Max and his henchman Dutch go to meet Meyer, a buyer for the formula, leaving Rita and henchman Needles with Waldo and the Falcon. Having been alerted by Goldy, the police arrive and the Falcon slips away with Rita. She now believes Max plans to double-cross her and that the Falcon has thrown in with her.

Rita and the Falcon interrupt the meeting between Max and Meyer. Rita shoots Max, Dutch escapes, the Falcon phones the police but Meyer knocks out the Falcon. Rita and Meyer discover that Max doesn't have the formula so they go after Dutch. O'Hara arrives and arrests the Falcon for the murder of Max. At headquarters, Detective Bates brings in Rita, Dutch, Needles and Meyer, and the Falcon is exonerated. O'Hara is about to remove his handcuffs but Helen wants them left on. She leads him away and they finally catch their plane.

==Cast==

- George Sanders as Gay Lawrence/The Falcon
- Wendy Barrie as Helen Reed
- Allen Jenkins as Jonathan "Goldy" Locke
- James Gleason as Detective Inspector Mike O’Hara
- Mona Maris as Rita Mara
- Edward Gargan as Detective Bates (uncredited)
- Alec Craig as Waldo Sampson / Herman Sampson (uncredited)
- Hans Conreid as Hotel Clerk (uncredited)
- Victor Kilian as Max Carlson (uncredited)
- Frank Moran as Dutch (uncredited)
- Earle Ross as Adolph Meyer (uncredited)
- Paul Newlan as Policeman (uncredited)
- Russ Clark as Needles (uncredited)
- Eddie Dunn as Grimes (uncredited)
- Frank Martinelli as Louie (uncredited)
- Jack Carr as Taxi Driver (uncredited)
- Eddie Borden as Taxi Driver (uncredited)
- Roxanne Barkley as Jill (uncredited)
- Eddie Arden as Bellhop (uncredited)

==Production==
The film was originally titled The Gay Falcon Steps In.

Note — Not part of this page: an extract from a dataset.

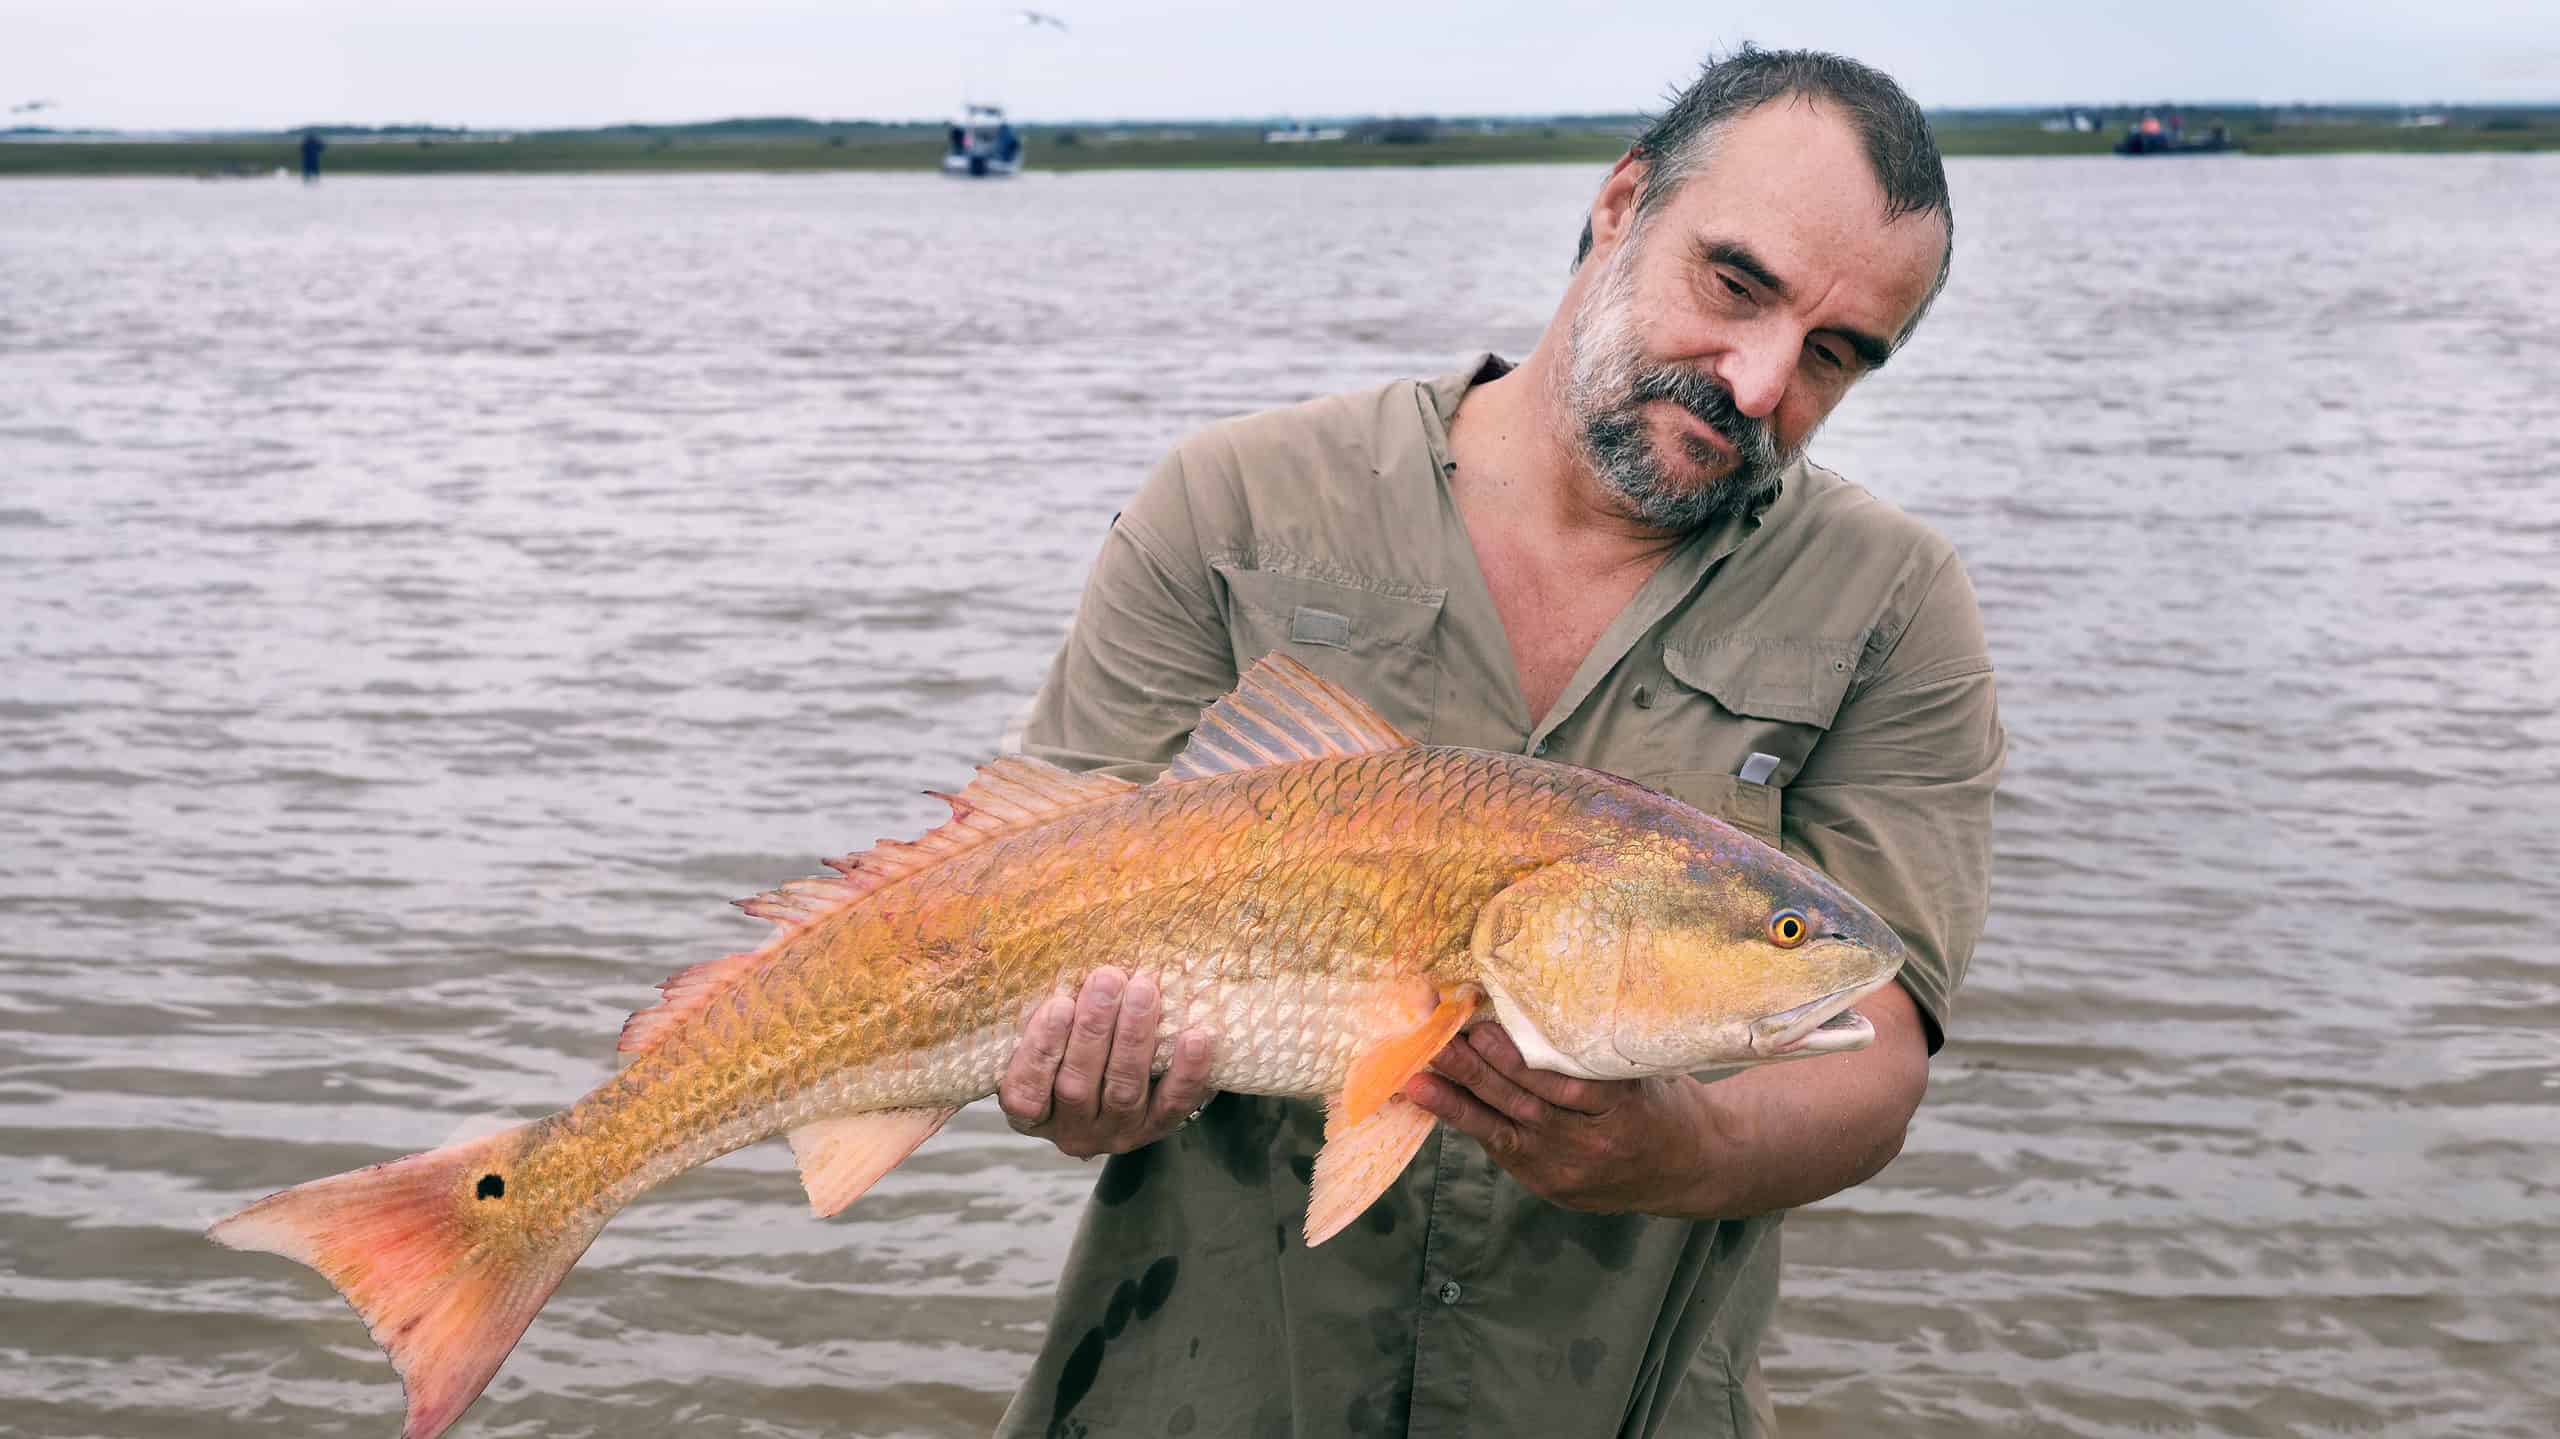 Man holding a large red drum

Filming started on August 1, 1941. In A Date with the Falcon, Guy Lawrence aka the Falcon (George Sanders) is engaged to Helen Reed but leading lady Wendy Barrie would never appear in future sequels. RKO had been trading on the British Barrie's notoriety as the girlfriend of gangster Bugsy Siegel but did not have a continuing role for her in mind. A Date with the Falcon would be the first of many sequels that featured other actresses in leading roles. The series also became a breeding ground for other talented studio contractees including director Edward Dmytryk and actors Barbara Hale and Jane Greer. The Falcon series has been characterised as part of a new genre—film noir.

==Reception==
In his review of A Date with the Falcon, Bosley Crowther wrote in The New York Times that a pattern existed in the Falcon series:"... the pattern. Mr. Sanders, an idle man of the world, is just about to be married—this time to Wendy Barrie—when a mystifying crisis arises—this time the disappearance of a scientist. Obviously Mr. Sanders doesn't care to enter the case; he never does—or never did, perhaps we should say. But duty and the lure of adventure inevitably drag him in. And so, for fifty or sixty minutes, he is off on a serio-comic chase, sleuthing a gang of murderous smugglers, while his girl and the police act bored and dense."